Quite clearly, the single biggest cost factor in professional rugby is the wage bill.
So much so, that professional rugby is running at a loss across the entire world.
What Is To be Done?
The English Premiership clubs have seen the writing on the wall, and are actively working at reducing their operational expenses, especially the salary bill. The have finally realised that, 21 years on from their tournament’s launch, the clubs remain mired in debt, and the game is still a licence for backers to lose money.
Some clubs are fortunate, they have benefactors with bulging wallets, but even those sponsors are recognising that the health of the club game demands financial planning, not splurging.
“Rugby is not that young a professional sport now,” says the Wasps chief executive, Nick Eastwood, whose club were within a few minutes of being declared bankrupt six years ago. “We are in late adolescence. We should have grown up and learned our lessons. The game can become sustainable but only if we collectively make the correct decisions in the next four years and get costs under control.”
Without a doubt, the Premiership games do generate spectator interest. The average for the final round of last season was 11,860, with all six matches attracting 10,000 fans or more. But those crowds are still very small compared to other spectator sports, and certainly do not generate the kind of revenue that will put the game (and the clubs) in the black.
Premiership Clubs have realised that the constant recruitment drives, across both national and international markets, serves only to drive up the wage bill, without providing a concomitant increase in revenues. This realisation has resulted in the clubs starting to focus on recruiting players locally and from their own development academies. Simply – your own people are cheaper than imports!
Saracens have put their leading players and coaches on long‑term contracts. Gloucester and Northampton have reduced the size of their squads, replacing reserve players with academy graduates; and Worcester, whose financial performance last year was the worst of the 12, have drawn up a new financial plan.
In the past Premiership clubs have gone to the wall – Bedford, Richmond, London Scottish, Bristol and, most recently, London Welsh have all gone.
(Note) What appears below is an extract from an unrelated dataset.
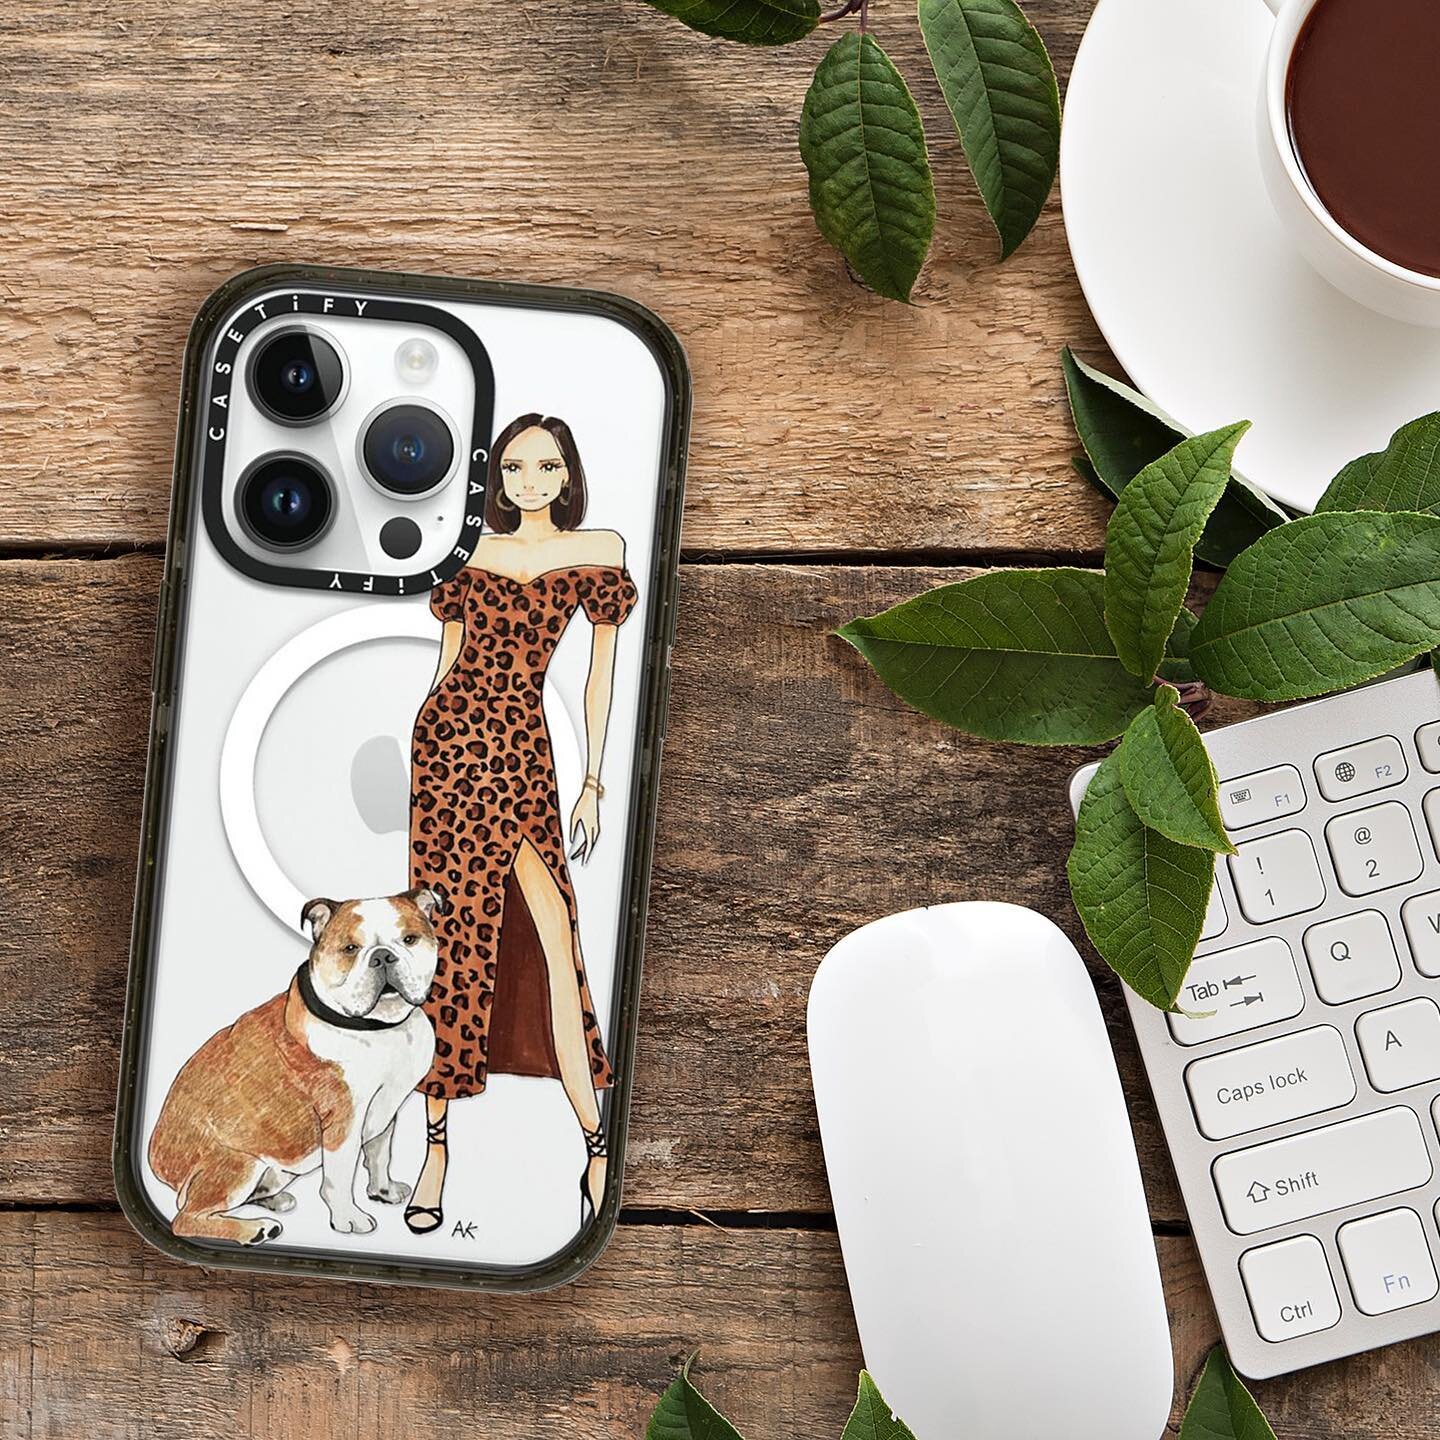 New phone case designs are available on @casetify ❤︎ 
Do you want to have a custom phone case of you and your pet? I&rsquo;ve been asked many times if I take a custom order and I decided to try for a limited time. DM me if you&rsquo;re interested! #c

The survivors have to make changes to their business model and staff bill if they do not want to follow suit.
Across the world Professional Rugby has to take a very long and hard look at itself.
The game is strangling itself to death financially.
Mega-wage packets are simply unaffordable and contribute to what could easily become the death spiral of the game.
The game is in trouble, and needs to be fixed, quickly.
Somehow, somewhere, sanity must prevail and wage and benefit packages must reflect the reality of a game in financial trouble.
Somewhere, somehow, those that are tasked with administering the game must make the necessary changes that will make the game an attractive and entertaining option for television viewers and those who want to watch live sport. Change the Laws that are slowing the game and strangling interest.
We stand at the mythical Crossroads, and I can hear the guitars playing.
Rugby has sold its soul to the Devil, a deal that was made back in 1995 at the crossroads where amateurism and professionalism crossed paths. It was a deal that promised many benefits, in the form of massive broadcasting deals, huge salary packages for the players, and superior quality rugby for the supporters and fans.
And it is a deal that has not worked out nearly as well as expected.
Rugby stands at those crossroads once again, with the offer of redemption if something is done to rectify the contract with the Devil, or the game faces eventual oblivion.
Which direction will rugby take?
I do not wish to be a witness to the demise of a game that has enthralled me for as long as I can remember, but I fear that the writing is on the wall, if you care to read it.
(Which brings to mind yet another iconic movie – the one titled Titanic!)